▸ **Work instructions**
One range is to be output from the listing below, exactly as written: the line with "Is it time to" to the line with "Cape Town Science", both kept.

▸ **Extracted information**
──────
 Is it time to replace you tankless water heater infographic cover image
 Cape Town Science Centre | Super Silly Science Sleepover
──────
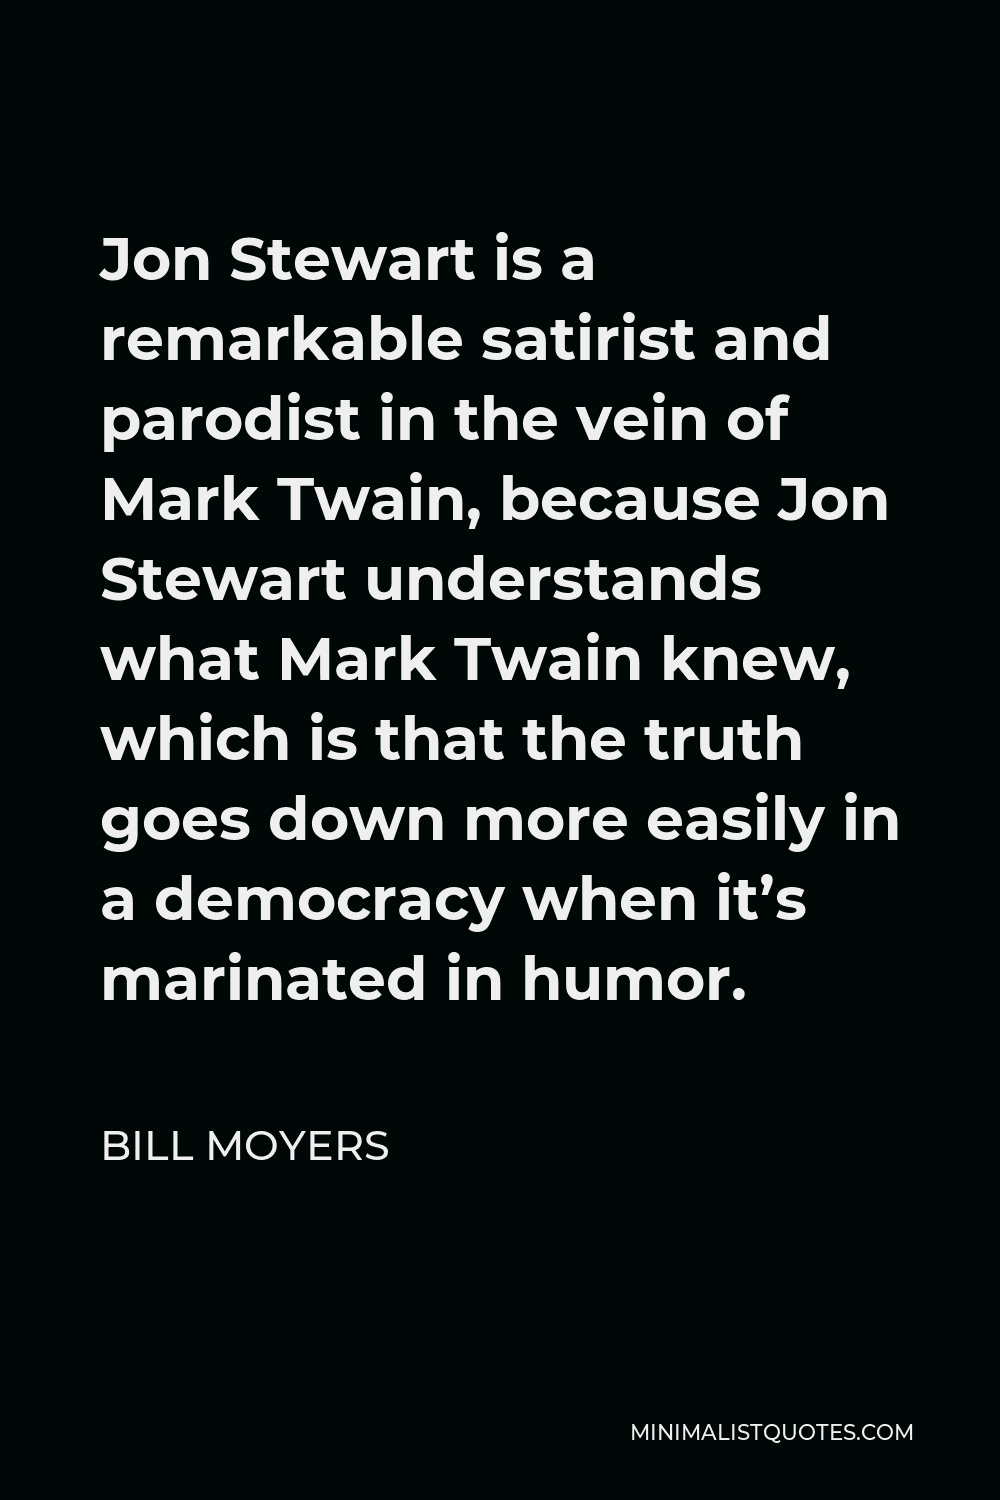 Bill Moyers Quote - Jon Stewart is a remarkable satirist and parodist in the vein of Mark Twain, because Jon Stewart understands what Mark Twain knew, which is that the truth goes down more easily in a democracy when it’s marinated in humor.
──────
▸ **Output of the exercise**
 Is it time to replace you tankless water heater infographic cover image
 Cape Town Science Centre | Super Silly Science Sleepover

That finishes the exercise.